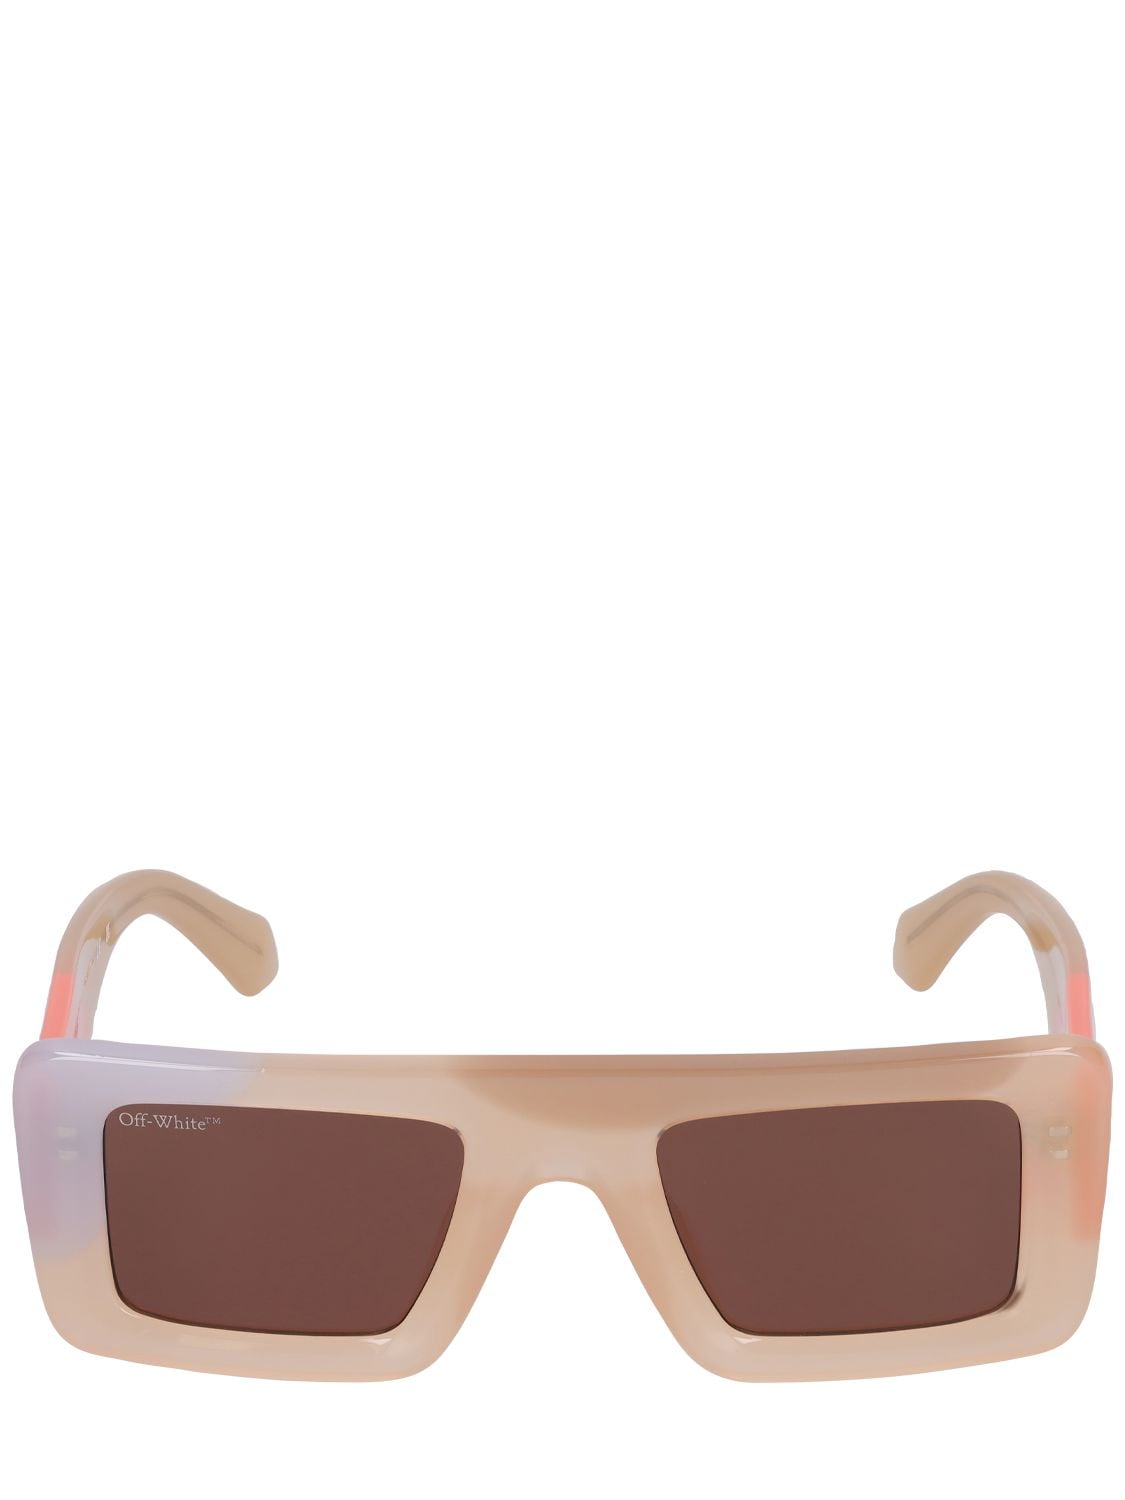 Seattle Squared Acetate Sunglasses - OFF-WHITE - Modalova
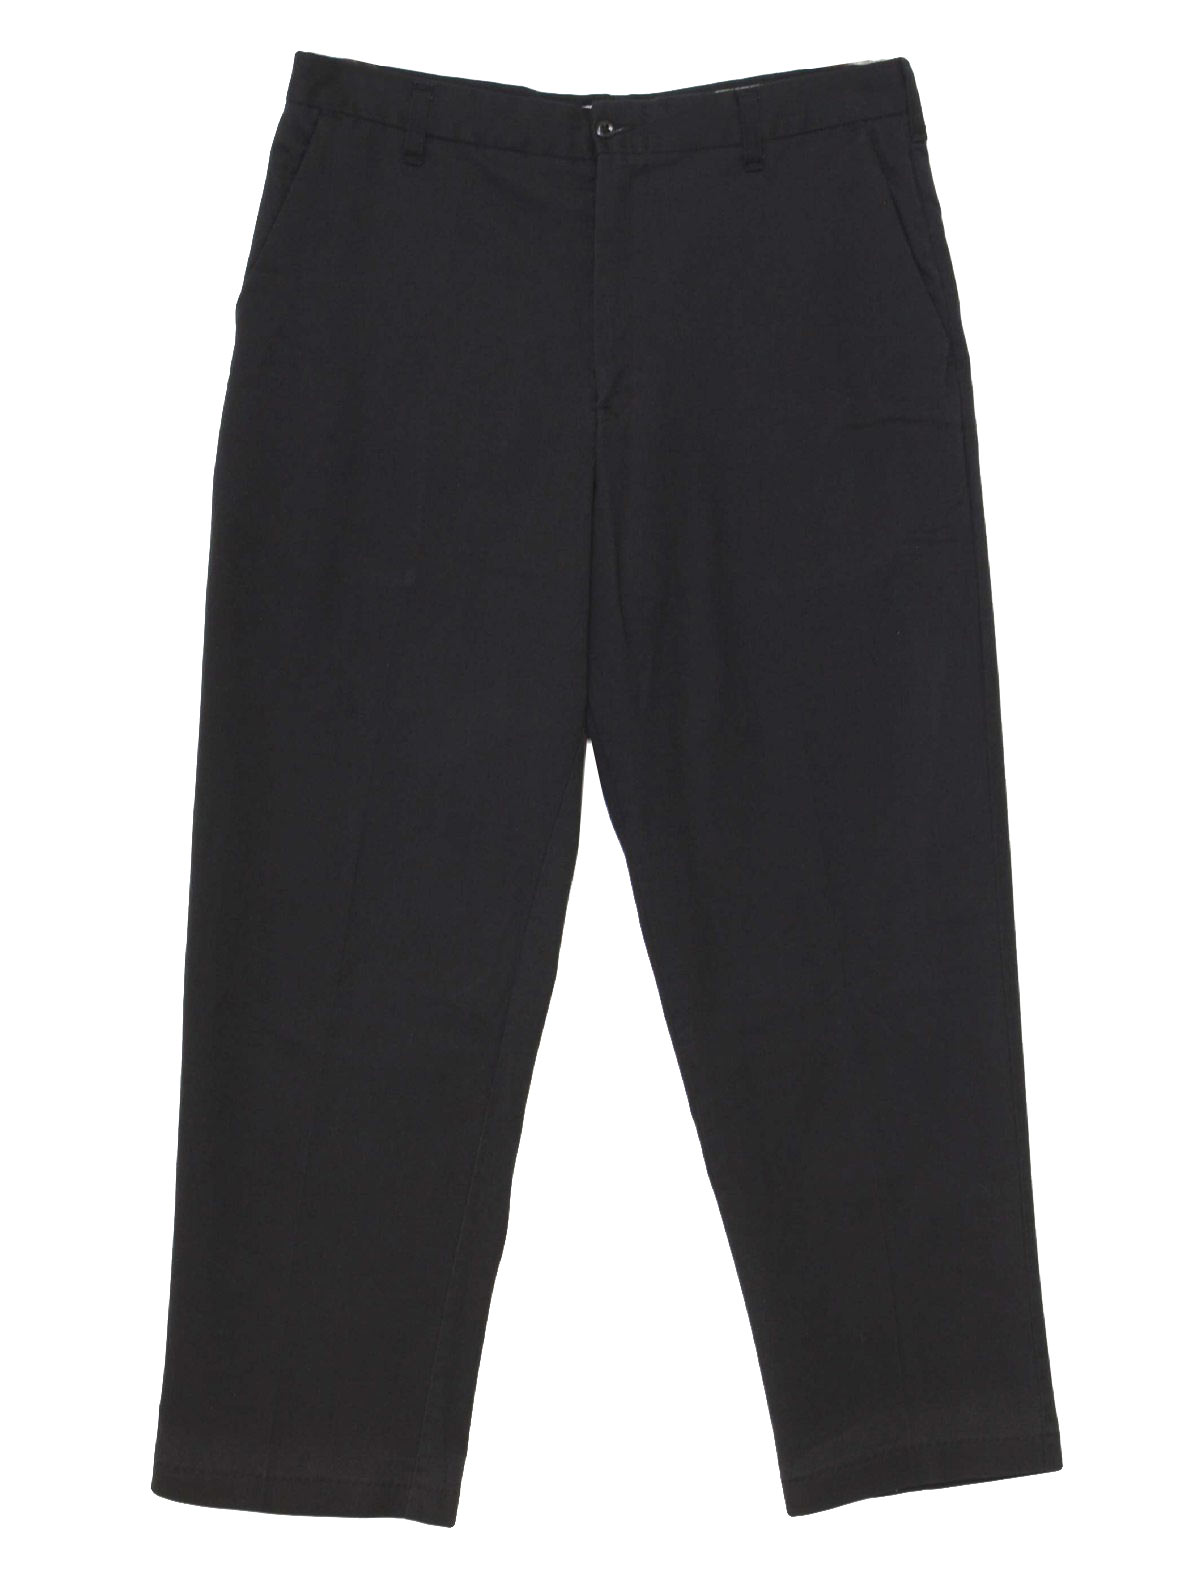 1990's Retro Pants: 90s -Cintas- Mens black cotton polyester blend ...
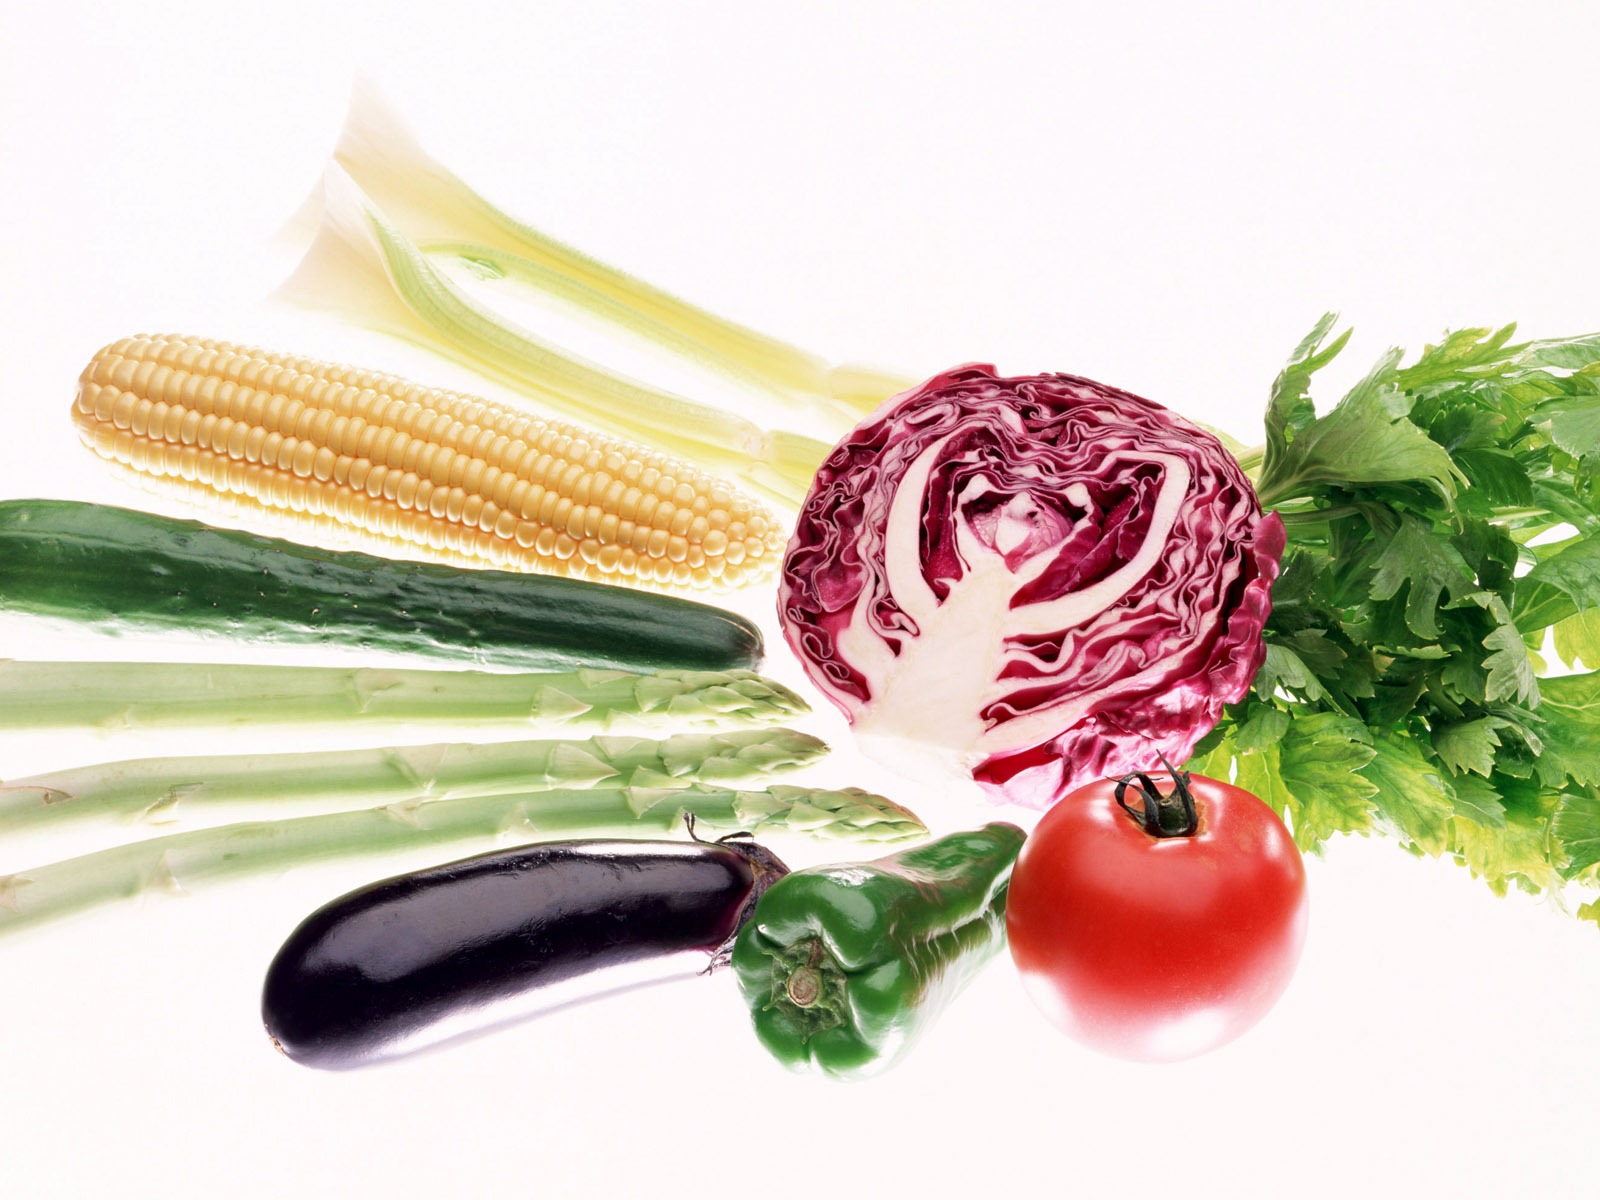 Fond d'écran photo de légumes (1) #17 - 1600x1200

· · · · · · ·

Starting from the line that has "1990's Retro Pants: 90s" and ending at the last line of the material above, every line should be output exactly; pictures are dropped and nothing else appears.

**Answer to this task:**
 1990's Retro Pants: 90s -Cintas- Mens black cotton polyester blend ...
 Fond d'écran photo de légumes (1) #17 - 1600x1200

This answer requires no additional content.